医学 肺癌 转移 置信区间 癌症 淋巴管 内科学 淋巴血管侵犯 病理 相对风险 肿瘤科 免疫组织化学 胃肠病学
作者
Paolo Macchiarini,Gabriella Fontanini,Michael Hardin,Chuan‐Yu Hsu,D Bigini,S. Vignati,Raffaele Pingitore,Carlo Alberto Angeletti
出处
期刊:The Journal of Thoracic and Cardiovascular Surgery [American Association for Thoracic Surgery]

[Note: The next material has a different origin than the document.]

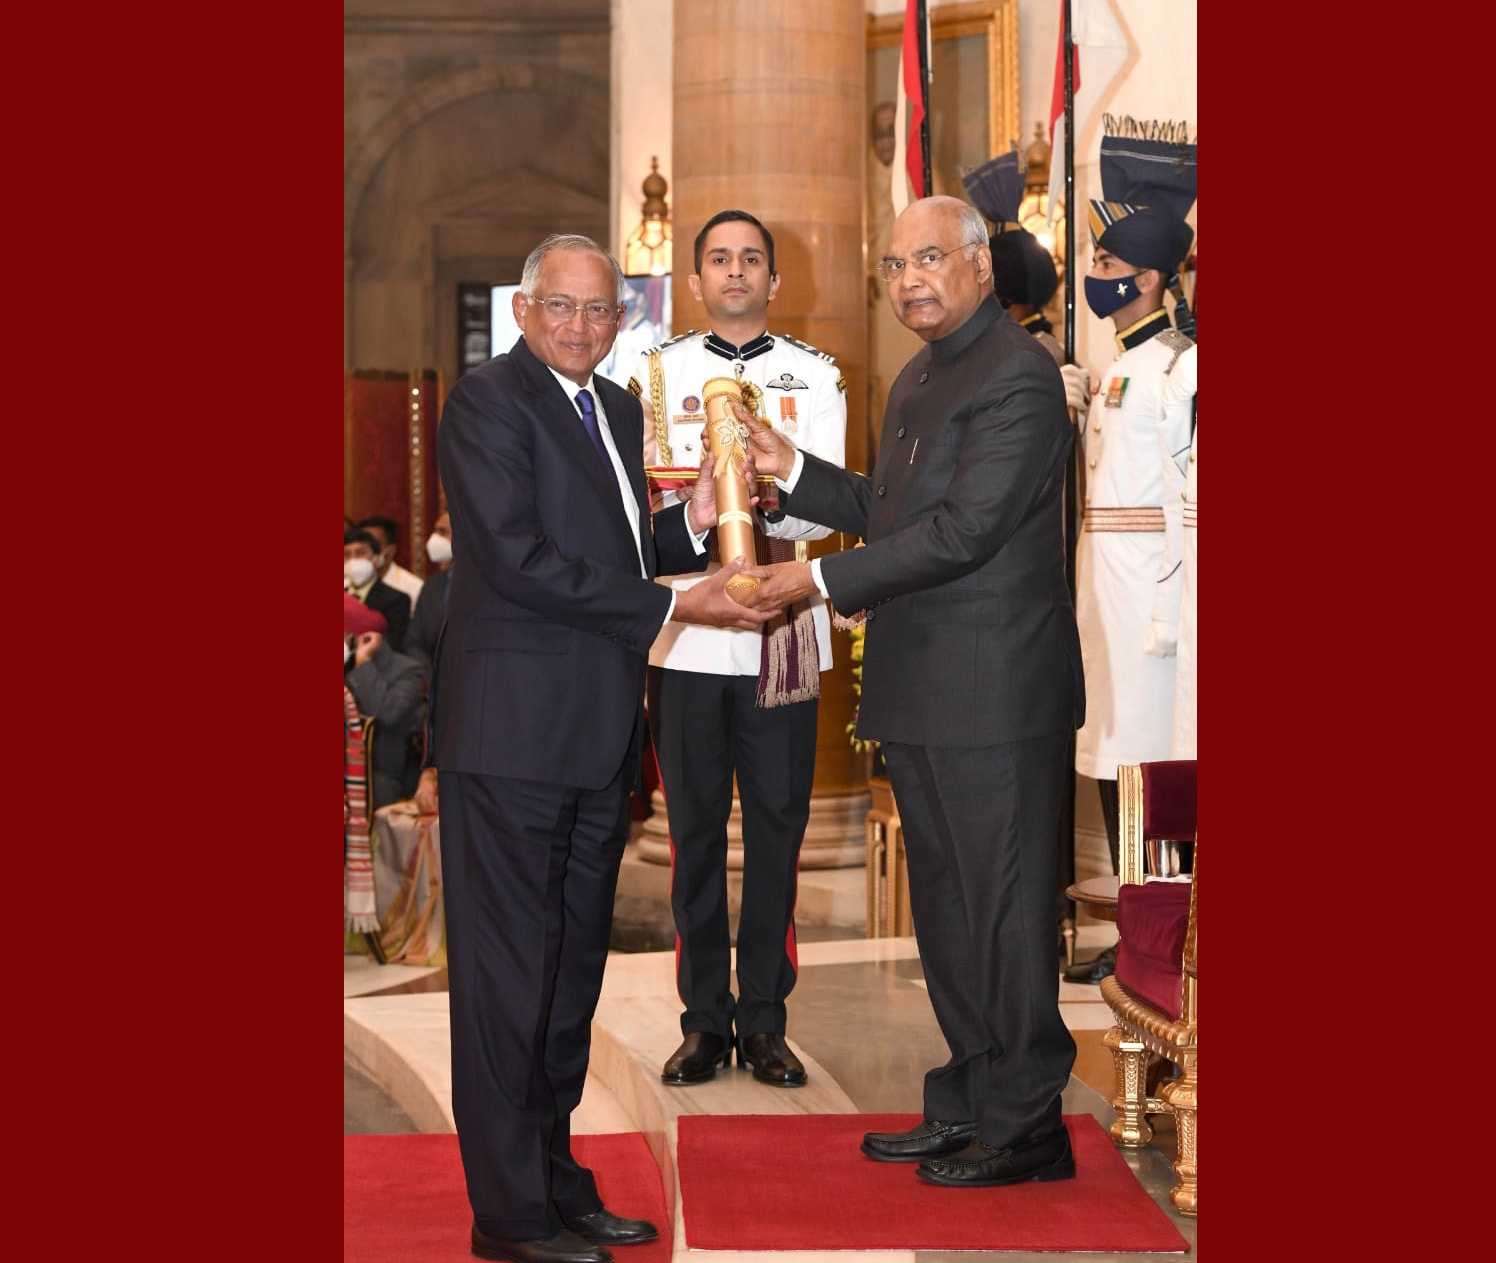 टीव्हीएस मोटर कंपनीचे अध्यक्ष  वेणू श्रीनिवासन व्यापार आणि उद्योग क्षेत्रातील त्यांच्या योगदानाबद्दल पद्म भूषण पुरस्काराने सन्मानित
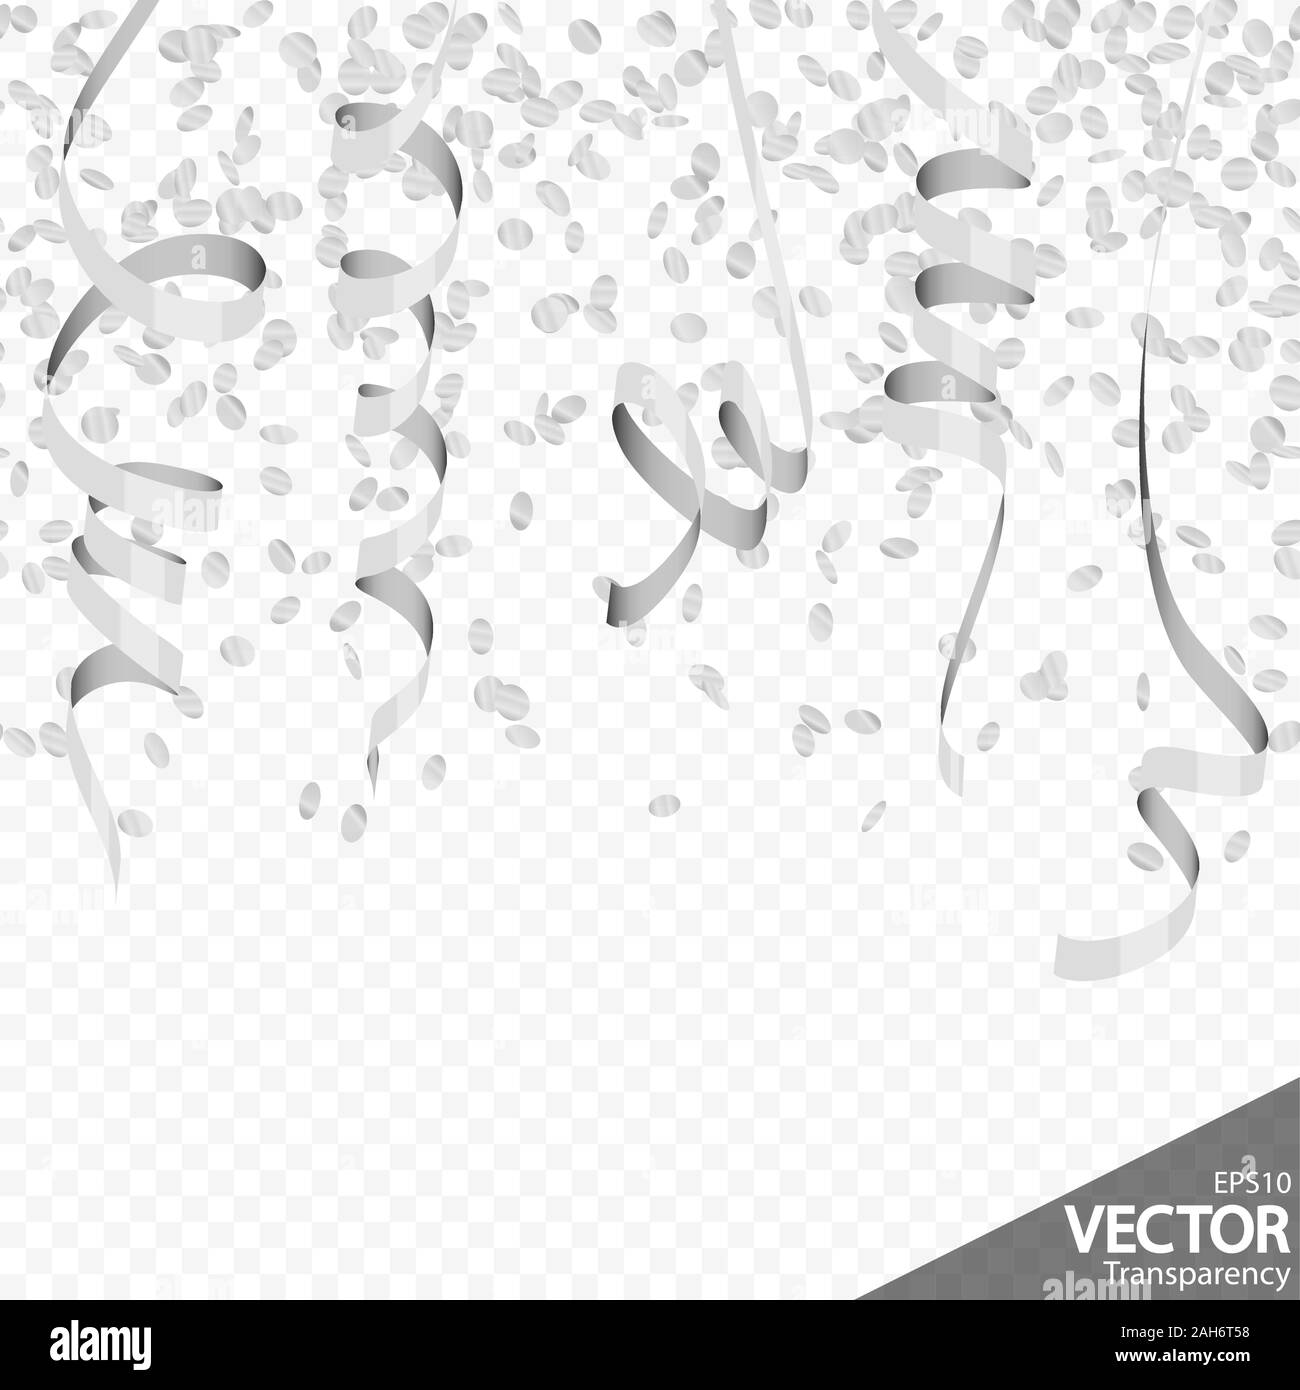 Abbildung: Nahtlose silberfarbene Konfetti und Luftschlangen Hintergrund für Party oder Karneval Nutzung mit Transparenz in Vektor Datei Stock Vektor

卷期号:106 (1): 80-88 被引量:116
标识
DOI:10.1016/s0022-5223(19)33743-2
摘要

The prognostic significance of traditional and newer tumor cell-related biologic parameters, like deoxyribonucleic acid ploidy (flow cytometry), proliferative activity (expression of proliferating cell nuclear antigen by immunohistochemistry), mitotic count, and intratumoral or peritumoral (or both) blood or lymphatic vessel invasion by tumor cells was investigated in 95 consecutive patients who had T1 N0 M0 non-small-cell lung cancer and who had operation alone between 1975 and 1985. The median follow-up for the entire group is now 8.3 years, and overall 5-, 10-, and 15-year-survivals were 75%, 69%, and 61%, respectively. Twenty-two patients died of either local (n = 3) or systemic (n = 19) recurrent non-small-cell lung cancer, 5 of non-cancer-related causes, 2 of new primary lung cancer, and 1 of an extrathoracic cancer. By multivariate analysis, blood vessel invasion by tumor cells (p = 0.0001) and mitotic count (p = 0.016) were independent predictors of survival; by contrast, the disease-free survival was influenced only by blood vessel invasion (p = 0.0004). The relative risk of death of recurrent non-small-cell lung cancer for low-risk patients (n = 79) was 13.3 (95% confidence interval, 6.1 to 28.7) times lower than that of high-risk patients (n = 16) (p < 0.0001). The relative risk of manifesting recurrent disease as distant metastasis for high-risk patients was 25.64 (95% confidence intervals, 8.4 to 77.6) times higher than that of their low-risk counterparts (p < 0.0001). These results provide a rationale for effective systemic adjuvant treatment in completely resected T1 N0 M0 non-small-cell lung cancer tailored to the individual patients' risk of development of recurrent non-small-cell lung cancer. (J Thorac Cardiovasc Surg 1993;106:80-9)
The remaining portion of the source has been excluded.